Shoving my phone back into my skirt pocket
, I grab the bottle of tequila and pour myself another shot, half of it sloshing all over the bar top when it takes me a few seconds to get my eyes to focus on my glass. I quickly toss it back, hoping the alcohol will wash away all the guilt from Ryan’s text.
“You okay there, Em?” Carson asks with a smirk, fully enjoying my inebriated state as I sloppily wipe tequila off my chin that didn’t make it into my mouth.
“I’m great.” I nod, pasting my best cheerleader smile on my face. “We’re not talking about Ryan tonight. We both agreed to date other people while I was gone so we could both see what’s out there, just like when I went away for college and every other time we got bored.”
It’s fine that we always just keep coming back to each other, because the dating world is bullshit, and clearly neither one of us has any game. It’s like coming back to an old, worn-out, yet adequate blanket you know will always be there. But, you know, in a nicer way than that.
“I have nothing to feel guilty about,” I remind Carson, and myself. “Now, be a good wingman and find me someone to make out with. I need one more thrill, one more breath of excitement before the lights go out, dammit!”
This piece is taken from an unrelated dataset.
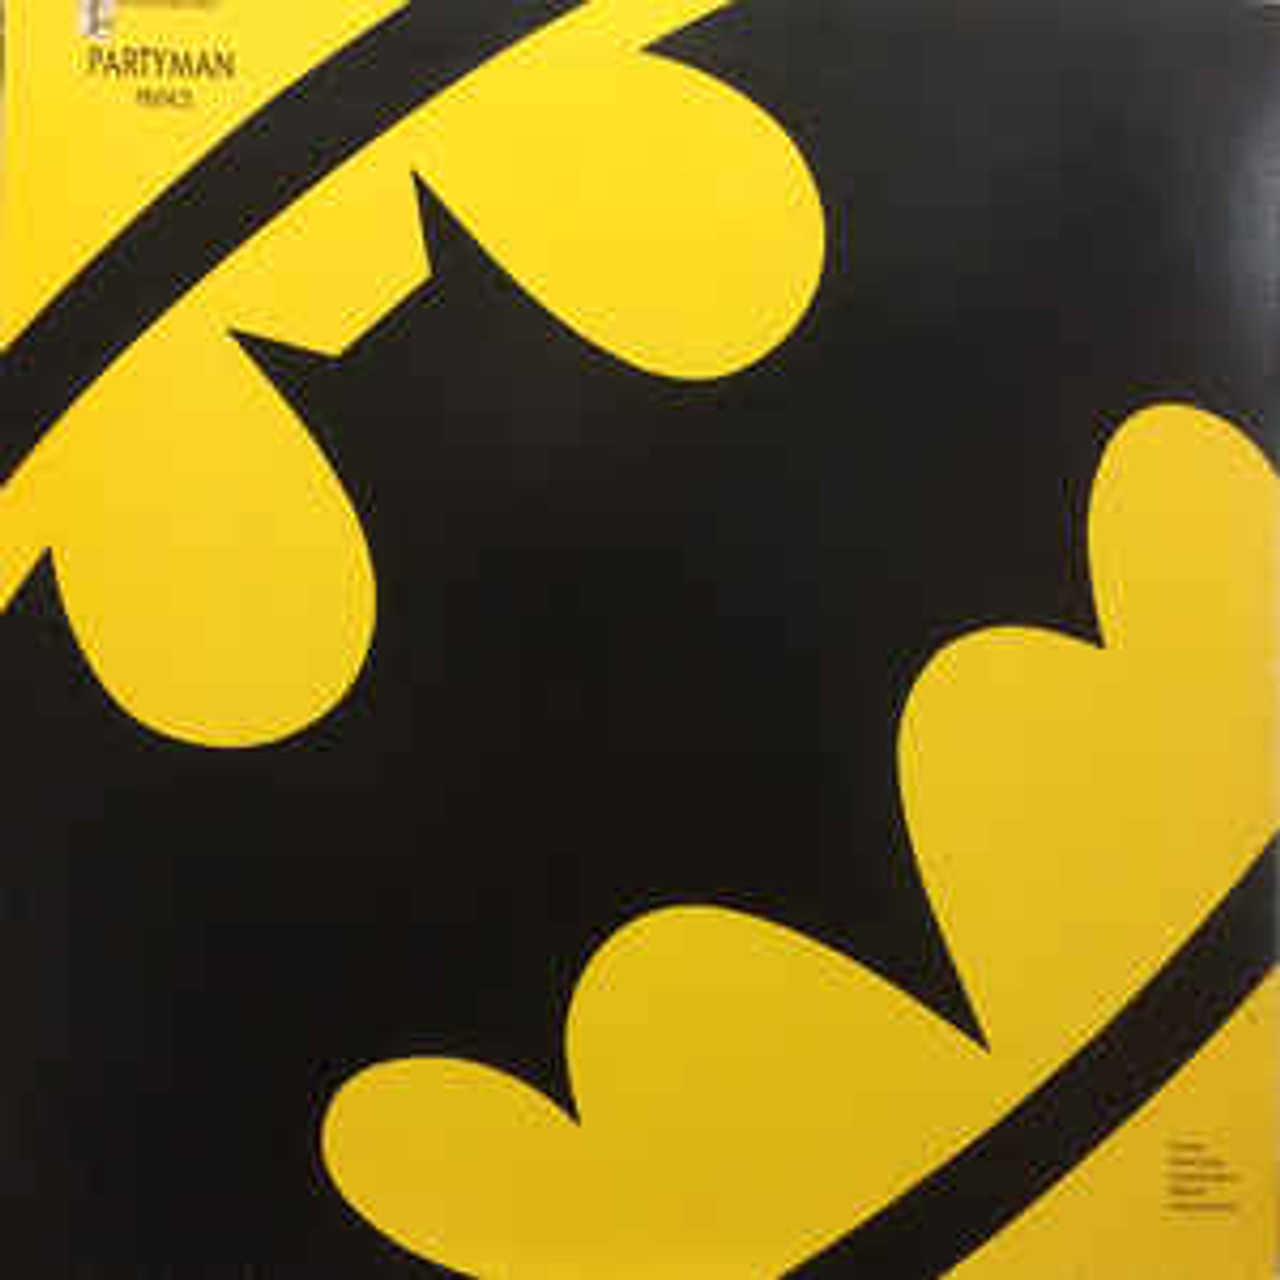 Prince - Partyman (Maxi-Single) - Vinyl We Got the Beats Record Store
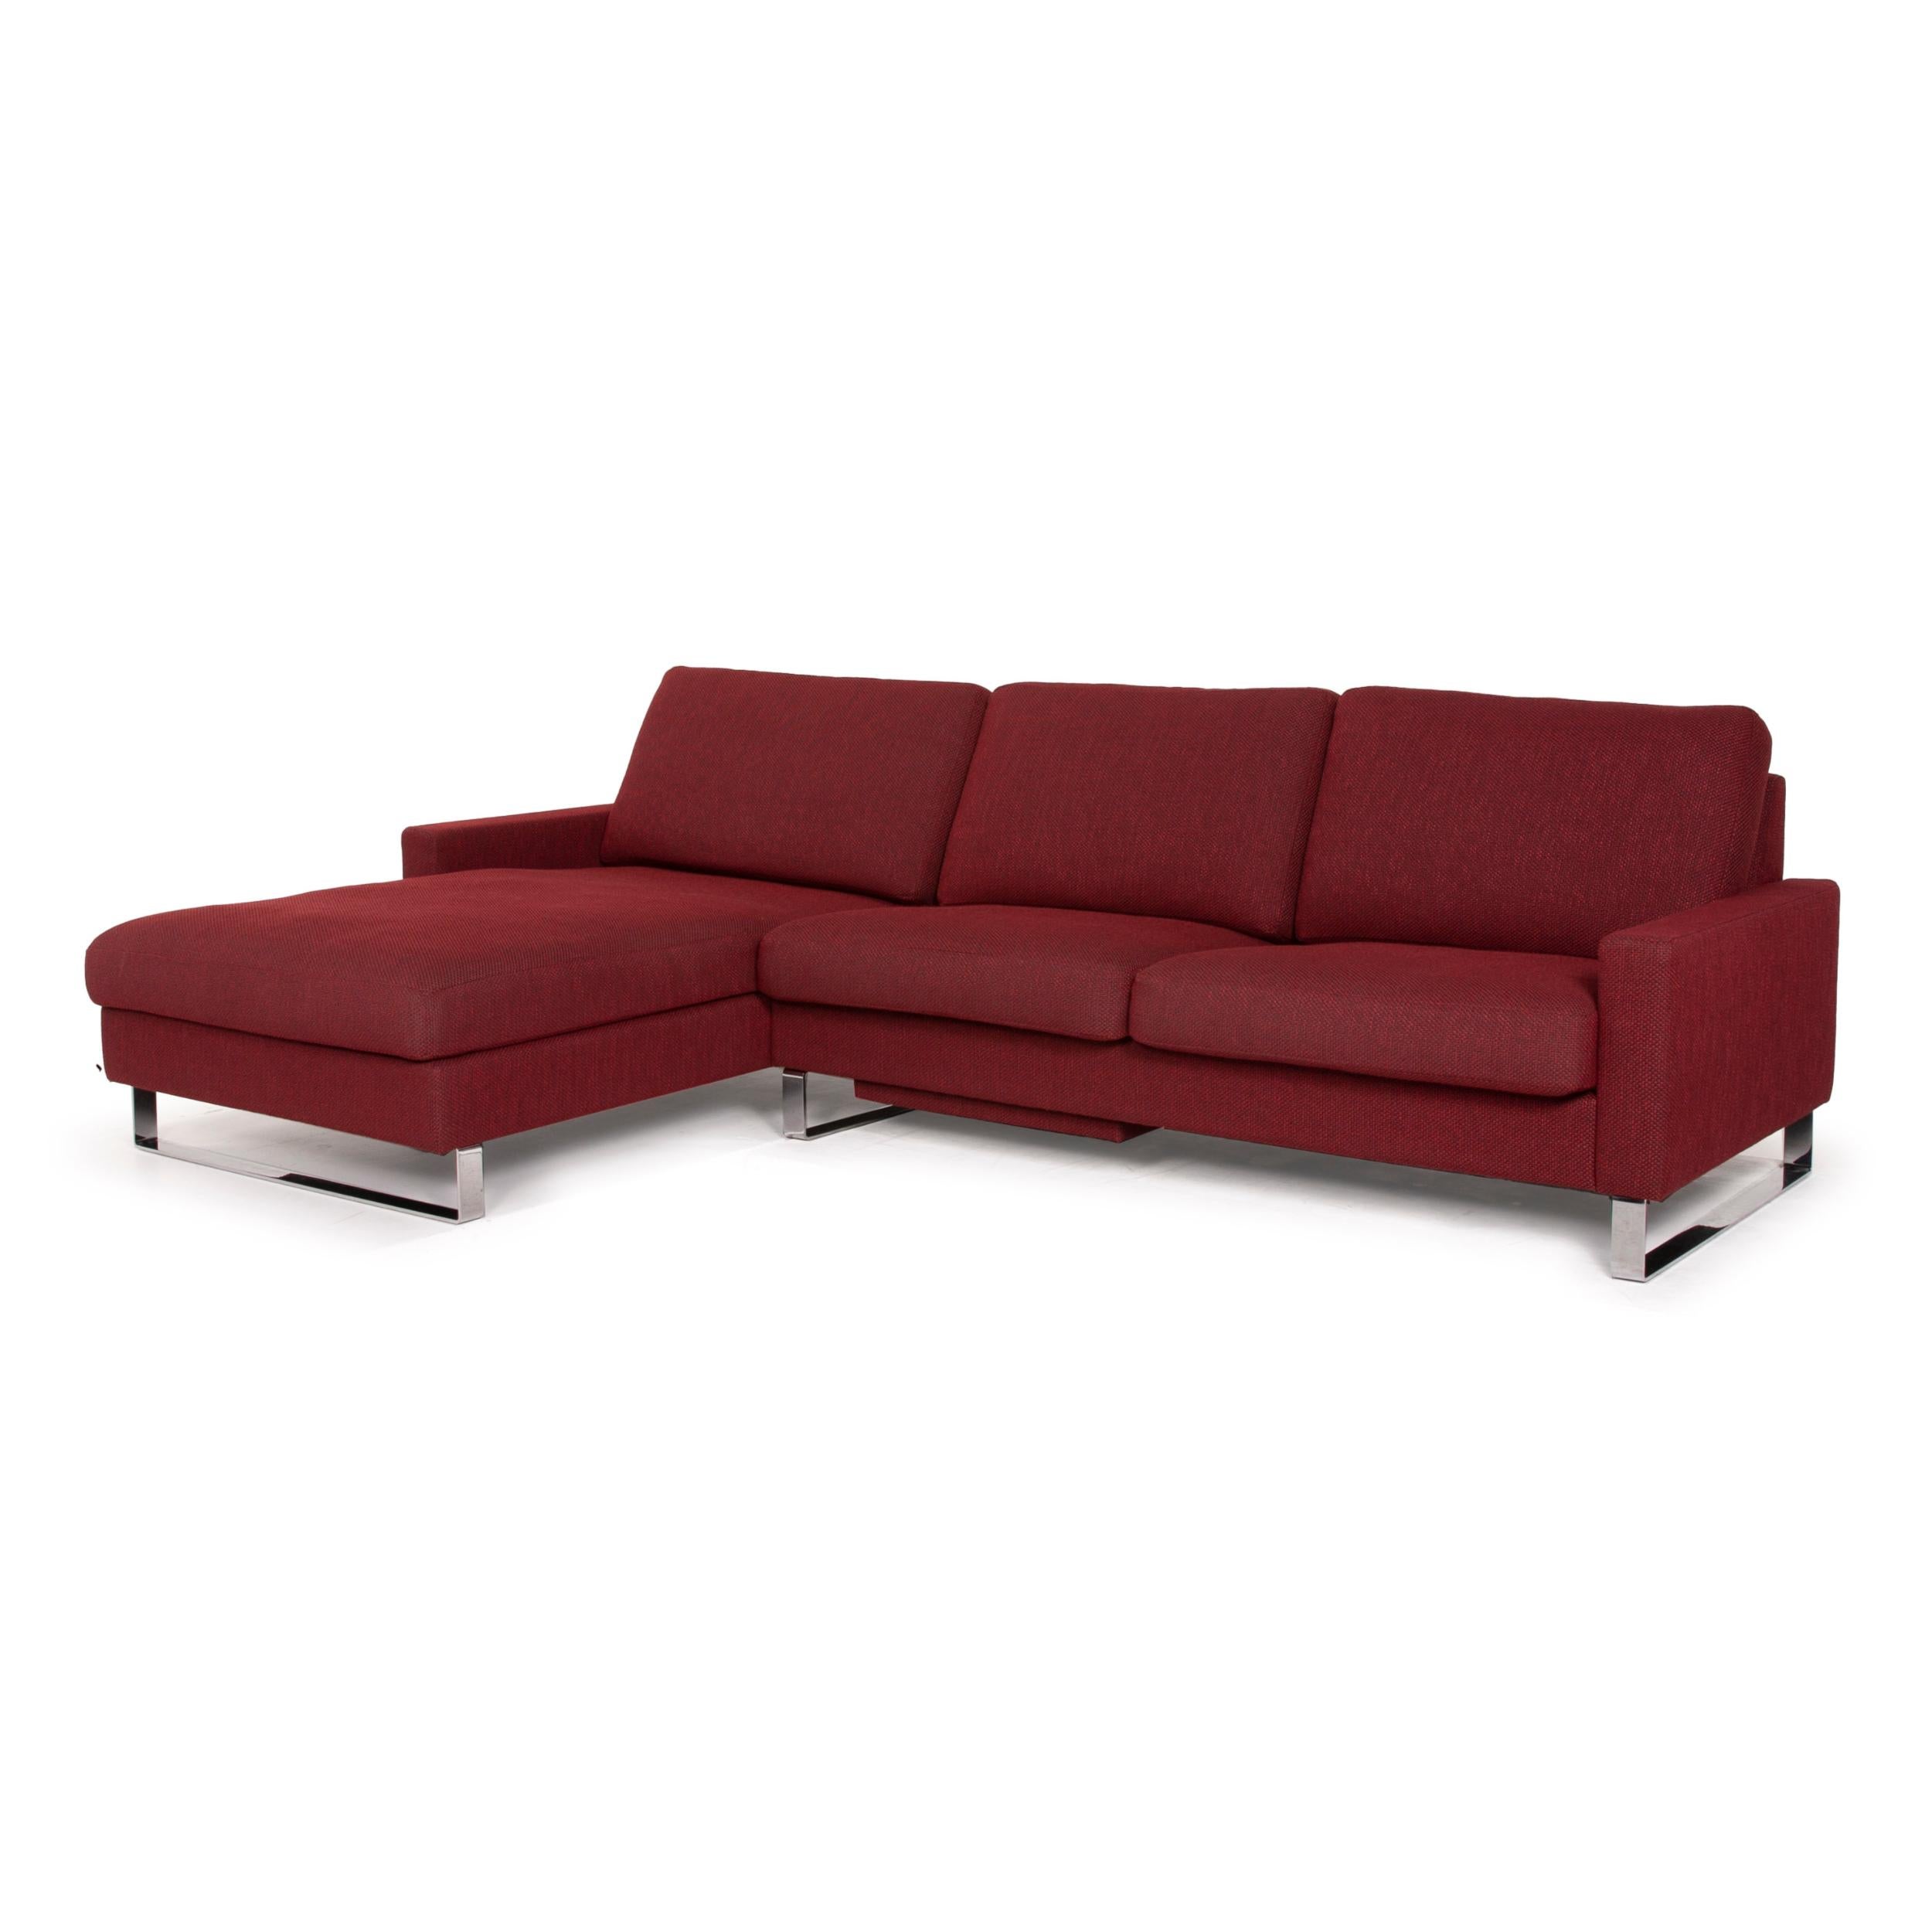 Erpo CL 500 Fabric Sofa Red Corner Sofa 3

All of my furniture is packed and on its way back to Virginia, and my suitcases are waiting for me by the door of my apartment in Beverly Hills, where I’ll hand over the spare key to my roommate tomorrow morning. I turned in my uniform and ID badge to the main office at Vipers Stadium and said goodbye to all my teammates who weren’t able to come out tonight at practice earlier this afternoon. This part of my life is officially over, and yet none of it feels real. I’ve been living thousands of miles away from home and busting my ass for the last four years, barely sleeping, working my body to death, traveling all over the world with zero time for a social life, and missing out on everything important happening back home, so I could finally follow my dreams and do what I want to do with my life for once, instead of what my family expects me to do. I sacrificed everything for my dream job, and I screwed it all up, because I couldn’t keep my mouth shut about something I believed in.